TheGogmagog said:
This DM, or others that I have played with, has no desire to reduce spell casting availability or power. What they wanted was the feel that a magic item was something special. More like Lord of the Rings, at the end of the movie you had two magic swords and one mithril chain shirt (probably not even magic).
The concept of limited magic item availability made more sense in 2e, where creating a magic item meant losing a point of constitution. In that system if you were going to bother to make one you would make it good, not much point in making a +1 sword.
In 3e, It's a reasonable thing for a group to do, make thier own magic items, and increase them in power as the party progresses. So it's likely that other groups have done this to varrying degrees of success, leaving a variety of items on the market.
I suppose I was basing the level of magic or power of a campaing on % of character wealth. And was considering the suggested character wealth (for the former default game world Greyhawk no less) as an average campaing. More wealth = high powered, significant less wealth = low powered.
Where he was basing it on the fact that we find magic weapons and want to sell them to buy something with the money. In this type of campaign character wealth can't be maintained, or if it is it's in one goober weapon. I suppose I don't grasp this style any more than those that restrict spell casting acess.
This has been hashed out a number of times on various threads on the boards, but the danger you run by limiting access of all classes to magical "stuff" while leaving spell casting essentially unchanged, is the eventual domination of primary spell-casters (wizards, sorcerers, druids and clerics). The other classes will not be able to compete at mid-to-high levels unless, the GM is providing alternative means to keep up through advanced non-magical crafting, additional feats or other offsets.
I am actually a big fan of low(er) magic campaigns and I think Firelance's deliniation above is helpful. To work properly, IMO, there need to be several considerations:
(1) How do you handle spell-casting?

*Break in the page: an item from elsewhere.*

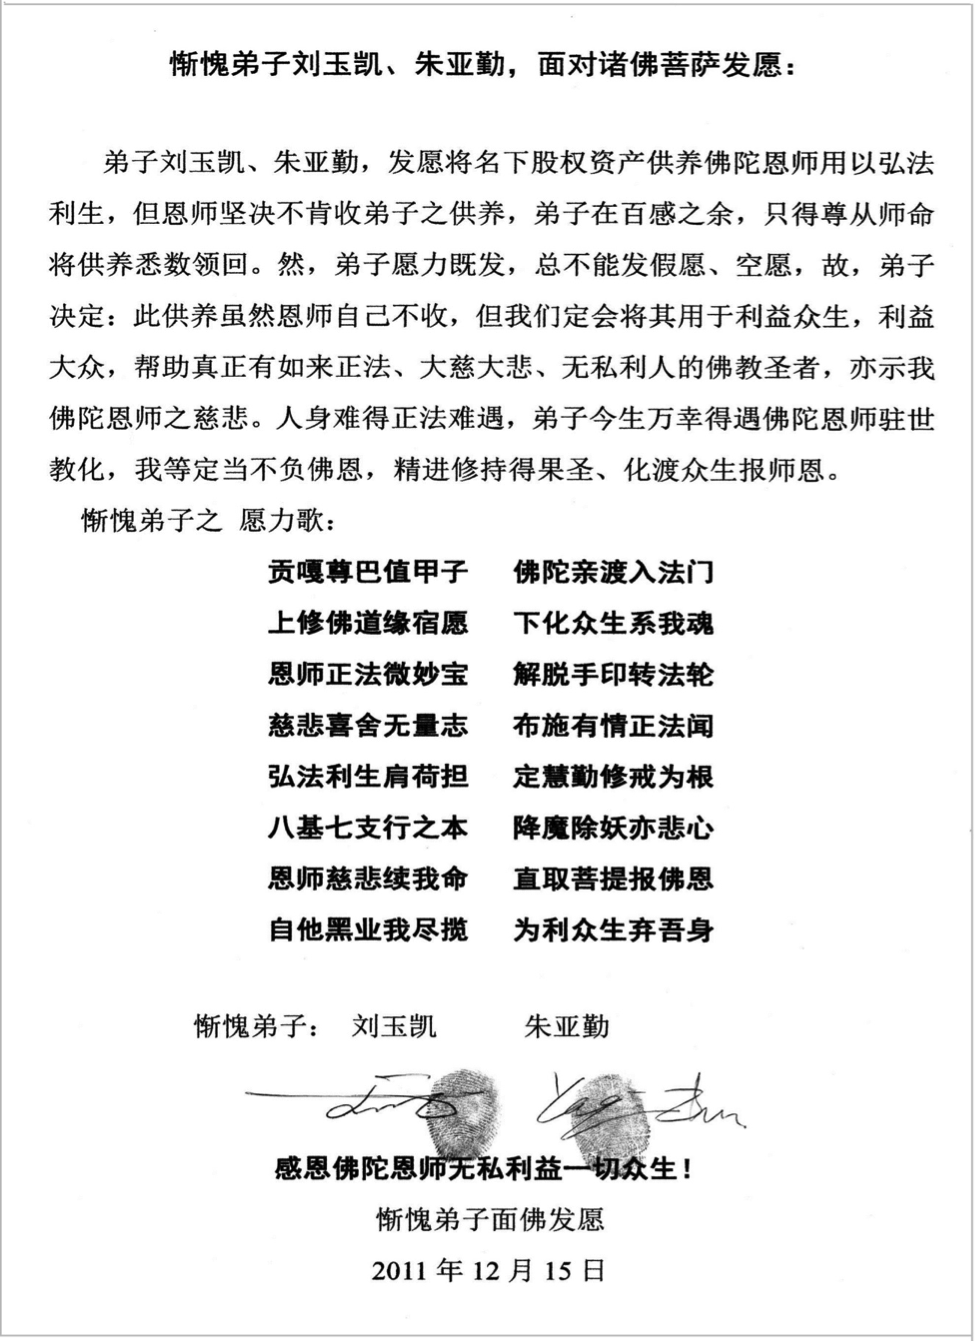 佛前发愿的原文影印件2

As noted above, nerfing "stuff" without adjusting spell-casting breaks down eventually. One way to handle casting is provide serious (and potentially deadly) consequences for using spells. Temporary ability drain, non-lethal damage, lethal damage, taint and insanity are all mechanisms for achieving this. Grim Tales, Black Company, CoC and other all have methods for achieving this. Another way is to impose significant limits on the spells known and obtained in the campaign...no spell lists...just what the GM releases and/or the PC can research during the campaign (the Grim Tales approach.
(2) How do you handle "stuff"? In a low(er) magic campaign, magic items will probably be few and far between, but how it is implemented is pretty important. Sometimes the secret to crafting true magic items has been lost to the ages (meaning certain crafting skills are removed from the game) or the cost in power items and/or xp is so high that few crafters even attempt it. It is helpful to introduce alternate crafting rules for enhanced non-magical stuff, such as the excellent BCCS rules (I also understand that the new Dark Legacies rules have some nifty crafting mechanisms, but I have yet to see them). Perhaps limited 1-shot items, such as low-level potions, scrolls and charms are more readily available, but permanent magic items require such an investment of time, components and personal power that they are extremely rare.
(3) How do you handle opponents? Creature with DR and other inherent magical abilities/protections become much more powerful in a low(er) magic campaign, so the GM really needs to be circumspect in how these critters are utilized.
Done right, low(er) magic can be tons of fun (as can any campaign)...done "wrong"...it doesn't work very well.